Live in a cohousing community with small farm for our own use.  Dairy cows (rearing their own calves for beef), pigs, sheep for meat and fleece, ducks and hens for eggs, veg and fruit growing

pgkevet

  • Joined Jul 2011
Re: Moles
« Reply #8 on: February 16, 2015, 04:34:34 pm »
Also lots moles... wetter soil with less frosty days.
I like moles, they drain/aerate my land.
You can get ultrasonic prob thingies that run on solar power supposedly useable to get moles to move - never tried them.

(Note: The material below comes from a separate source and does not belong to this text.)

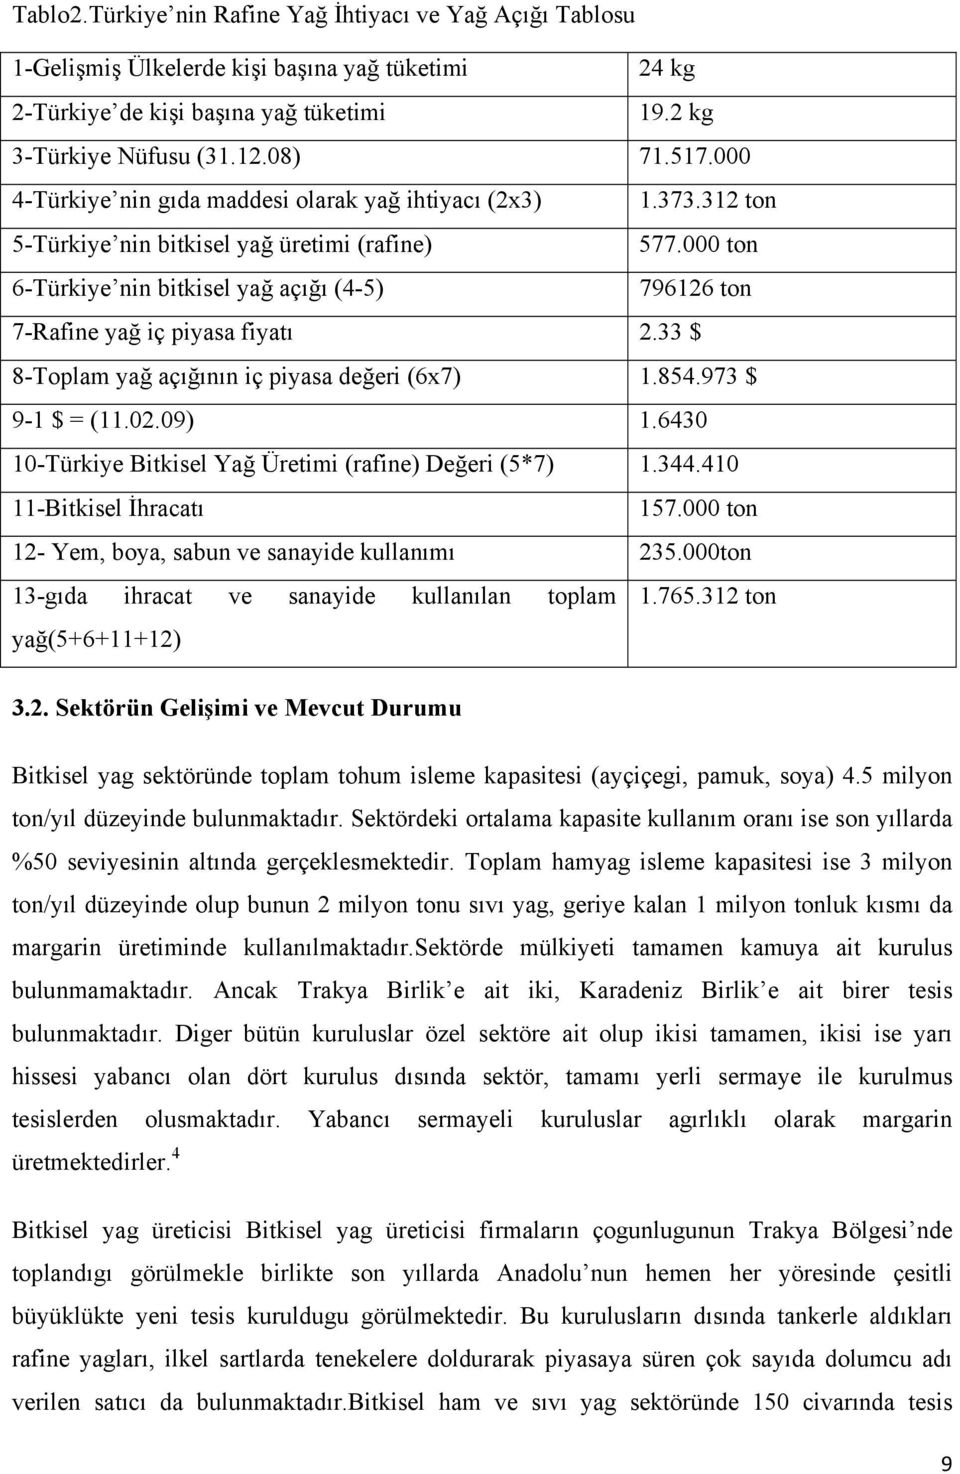 000 ton 6-Türkiye nin bitkisel yağ açığı (4-5) 796126 ton 7-Rafine yağ iç piyasa fiyatı 2.33 $ 8-Toplam yağ açığının iç piyasa değeri (6x7) 1.854.973 $ 9-1 $ = (11.02.09) 1.

As soon as fields are dry enough I'll just chain them.

FiB

  • Joined Sep 2011
  • Bala, North Wales
    • Facebook
Re: Moles
« Reply #9 on: February 16, 2015, 06:35:47 pm »
We are get more hill than grass in some fields. I also have a soft spot for them.... And also for me sheep, so feel duty bound to make an effort to keep on top of population. I trap a few (please to hear I save myself 5 each time!) it's not hard, but I wish there wasn't a need (I only do it because of what I have heard about soil bourn diseases :-(

Bionic

  • Joined Dec 2010
  • Talley, Carmarthenshire
Re: Moles
« Reply #10 on: February 16, 2015, 07:18:26 pm »
Can you make a pet of a mole?
Life is like a bowl of cherries, mostly yummy but some dodgy bits

SallyintNorth

  • Joined Feb 2011
  • Cornwall
  • Rarely short of an opinion but I mean well
    • Trelay Cohousing Community
Re: Moles
« Reply #11 on: February 16, 2015, 09:57:55 pm »
I forgot to say, I had a friend in Devon went into worm-farming on a field scale.  They found that the sonic deterrents really worked - but you did need a lot of them.  Whether it would be financially viable for stock pasture, I doubt, but it may be something people want to look into for veg plots etc.
Don't listen to the money men - they know the price of everything and the value of nothing

Live in a cohousing community with small farm for our own use.  Dairy cows (rearing their own calves for beef), pigs, sheep for meat and fleece, ducks and hens for eggs, veg and fruit growing

Penninehillbilly

  • Joined Sep 2011
  • West Yorks
Re: Moles
« Reply #12 on: February 16, 2015, 10:12:32 pm »
We bought some more mole traps on saturday (previous cheaper ones the 'spring' part snapped, decided it cheaper to pay more). Currently ashamed of the state of the fields, looks like a battle gound.  5! that's cheap, 10 at time here! heard tell of one farmer being stung for 70 moles!  70 x 10!

devonlady

  • Joined Aug 2014
Re: Moles
« Reply #13 on: February 17, 2015, 08:40:20 am »
We sold mole skins for 6d each (that's 6 old pence) when children (I wasn't always sentimental!) Though I recall it was always someone else did the trapping and skinning ;D

Caroline1

  • Joined Nov 2014
  • Cambridgeshire
Re: Moles
« Reply #14 on: February 17, 2015, 01:50:36 pm »
Glad I am not the only one having mole issues!